The Abortion Working Group – comprising over 20 civil society organisations and healthcare providers, led by the National Women’s Council (NWC) - has submitted a report to the review process highlighting significant ongoing issues impeding access to care and their recommendations to address these.
The Group’s recommendations are in step with the public mood, with new nationally representative research conducted by Opinions Market Research showing significant support for key asks around, decriminalisation, access to care at home and Safe Access Zones.
- 80% agree no woman in Ireland should still have to travel abroad to access abortion care
- 71% agree abortion should be treated like any other medical procedure and should not be a matter for criminal law
- 79% agree doctors should be trusted to provide abortion care based on professional judgement and clinical best practice
- 85% agree all individuals accessing and providing abortion care should be protected from threats, harassment and abuse from anti-abortion protests
- 67% agree any person on the island of Ireland should be able to access abortion free of charge
- Support was consistently strongest amongst women across all five statements, and the over 55s were the age-group most in agreement that no woman should have to travel, doctors should be trusted and all individuals accessing and providing care should be protected
The Abortion Working Group’s (AWG) detailed submission highlights that significant legal changes and practice improvements are required if the Health (Termination of Pregnancy) Act is to guarantee equal and accessible abortion access.

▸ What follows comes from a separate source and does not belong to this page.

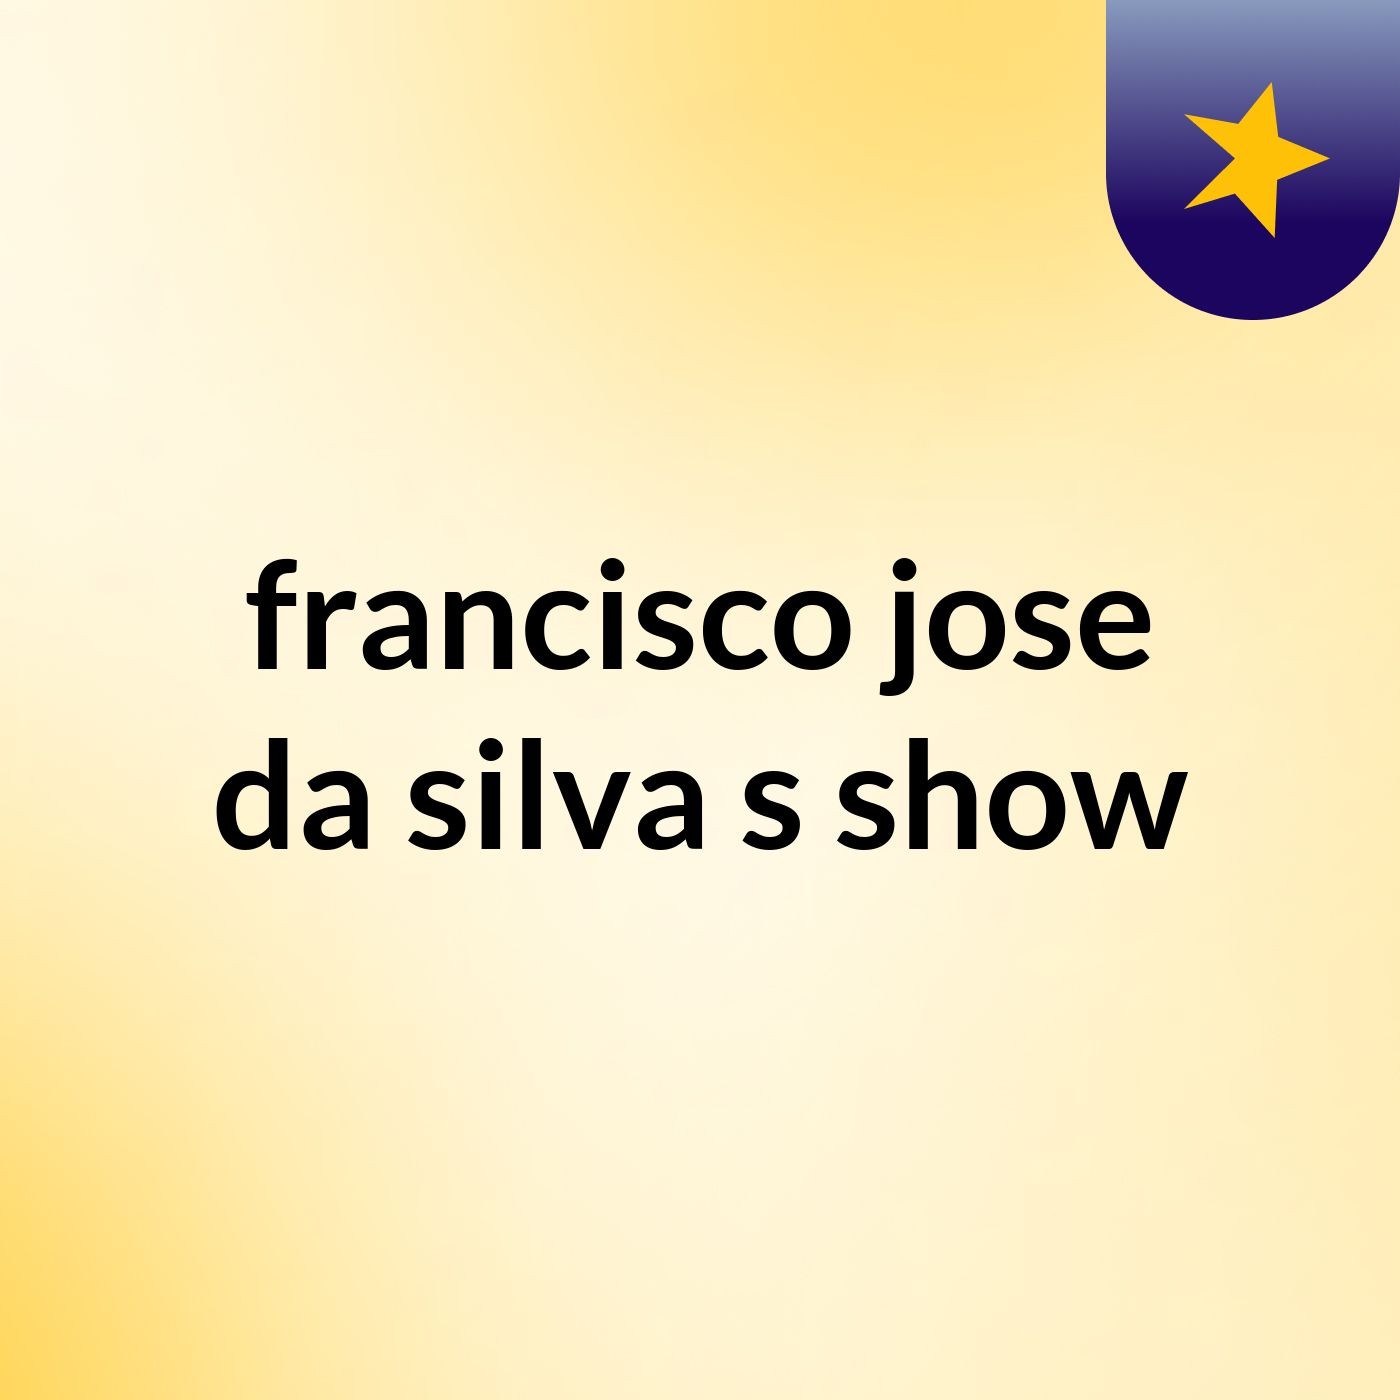 francisco jose da silva's show
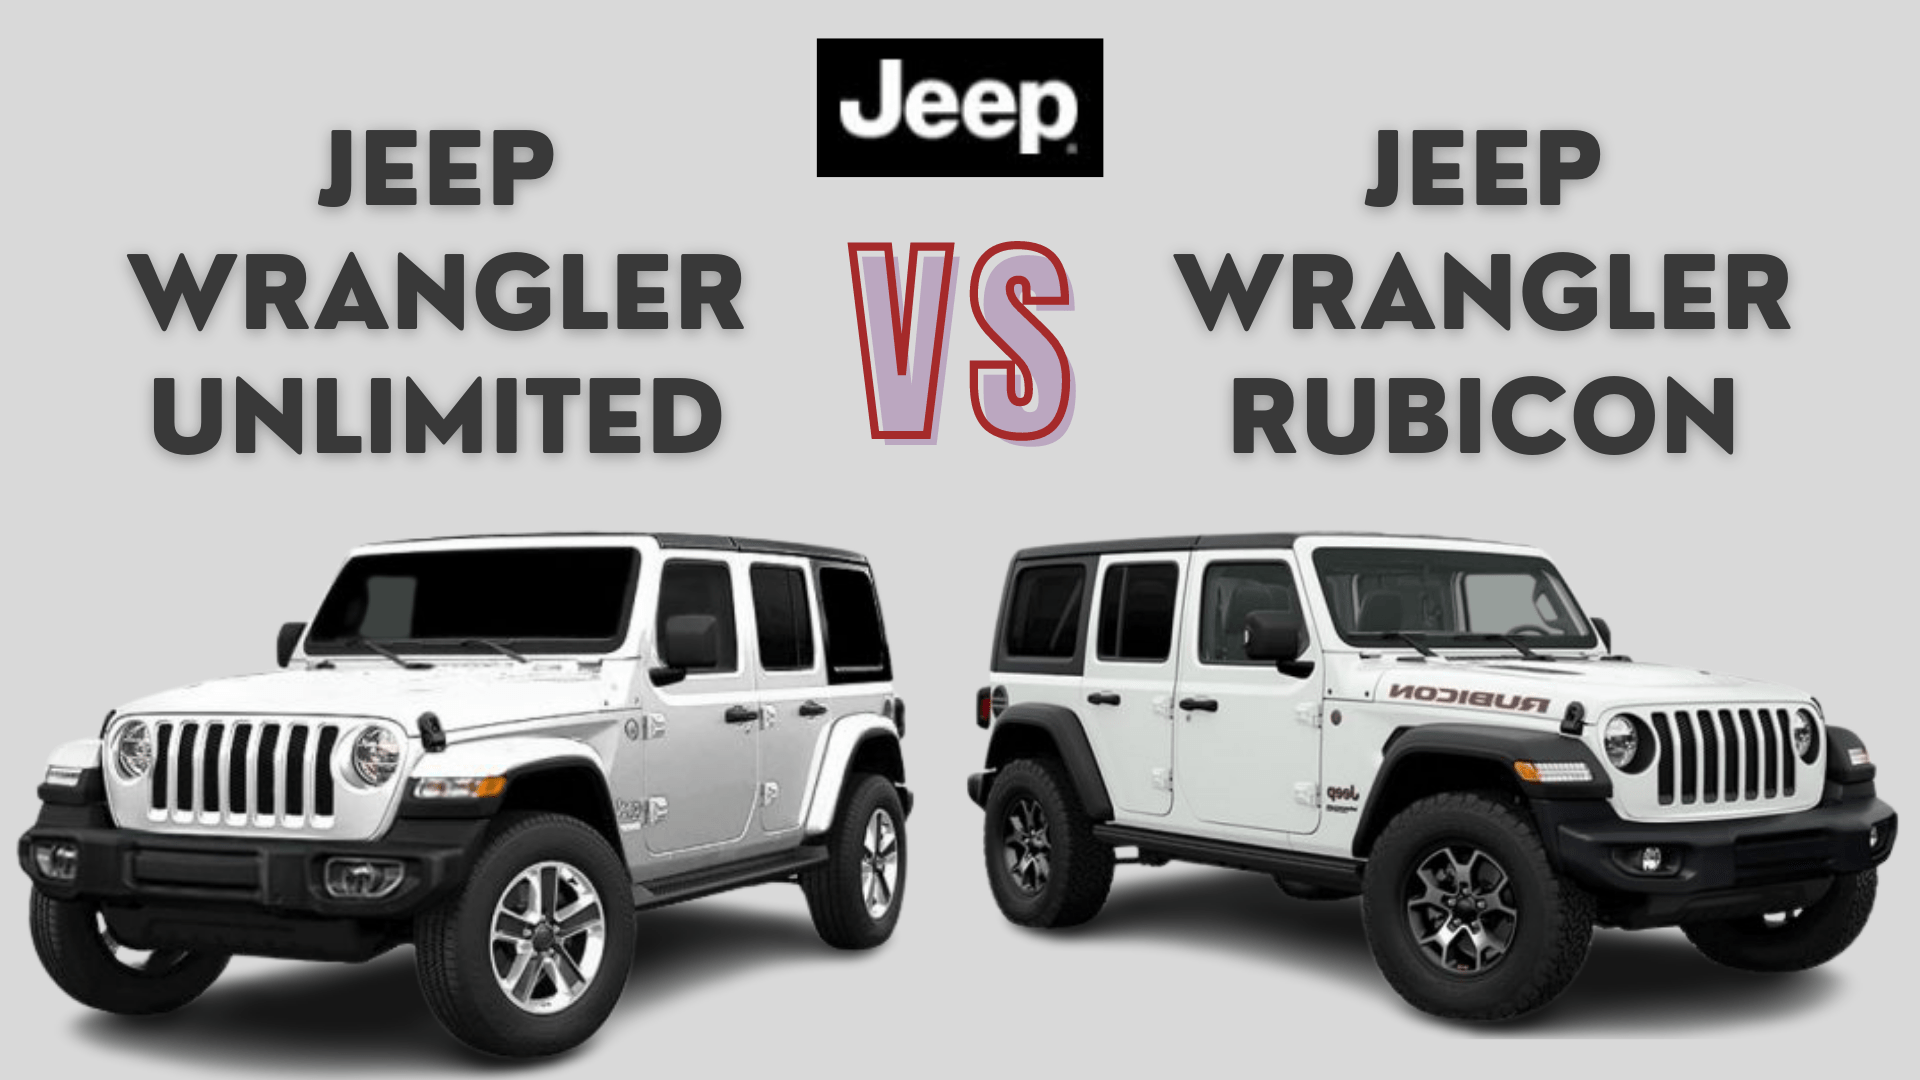 Arriba 78+ imagen jeep wrangler vs wrangler unlimited

- Full decriminalisation of abortion in line with WHO guidance to remove the chilling effect on healthcare providers
- Remove the mandatory three days wait period to ensure timely access to abortion care
- Remove the 12-weeks gestational limit and enable abortion on request up to viability to ensure that no woman or pregnant person is forced to travel abroad for essential reproductive healthcare
Orla O’Connor, Director of the National Women’s Council and Chair of the Abortion Working Group said,
“Our submission today highlights how too many women and pregnant people who need an abortion still can’t get one. The mandatory three-day wait period has no medical purpose or value and can act as a barrier to access. Access to healthcare at home was a clear call from the people of Ireland in 2018, yet sadly, we know many women are still travelling to access crucial healthcare. In the case of fatal foetal anomaly (FFA), we know that many women are being forced to travel under the existing legislation as it is too restrictive. The 12 week gestational limit is too rigid and doesn’t take account the complexities of women’s lives or relevant medical evidence. We need to see a widening of 12-week gestational limit and removal of the 28-day mortality clause for fatal foetal abnormalities, so abortion is accessible to all up to viability. Furthermore, in order to access an abortion, you need to have a PPS number, which is a significant barrier for immigrants and asylum seekers. This has to change.”
Alana Ryan, Women’s Health Coordinator, NWC said,
“It is so crucial that women’s voices and experiences are placed at the centre of the abortion review and that where clear changes are needed, they will be made. Critically today, our opinion polling data shows massive public support for all women to access free abortion care at home, without fear of harassment and intimidation, and for abortion to be treated like any other medical procedure and not a matter for criminal law. There is much that can and should be done to ensure that all women and pregnant people who require an abortion can avail of one. Coverage is poor across the country, with only half of our maternity hospitals providing full abortion services and only one in 10 GPs providing abortion care. This is the critical moment to make improvements for women and pregnant people in Ireland. We urgently need to see these changes made.”
Dr Mary Favier, founding member Doctors for Choice, representative of START doctors and AWG member, said:
“The ongoing criminalization of abortion in Ireland is a significant barrier to access and one which absolutely must be addressed in this three-year Review. As a doctor, I should be able to provide urgent care to my patients in line with the evidence-base and their preferences, yet the use of a criminal framework for abortion inhibits this, with real impacts on the most marginalized. The WHO recommends full decriminalization of abortion care in recognition of the ‘chilling effect’ criminalisation has on care provision – now is the moment to bring Ireland in line with international best practice.”
Karen Sugrue, Co-Convenor, Together for Safety and AWG member, said
“Safe access zones are core to the entire review process. GPs & Hospitals simply do not want protests outside upsetting people on their way to appointments and to work. Until we have Safe Access zones in place there will continue to be large areas of the country with no access to abortion care.”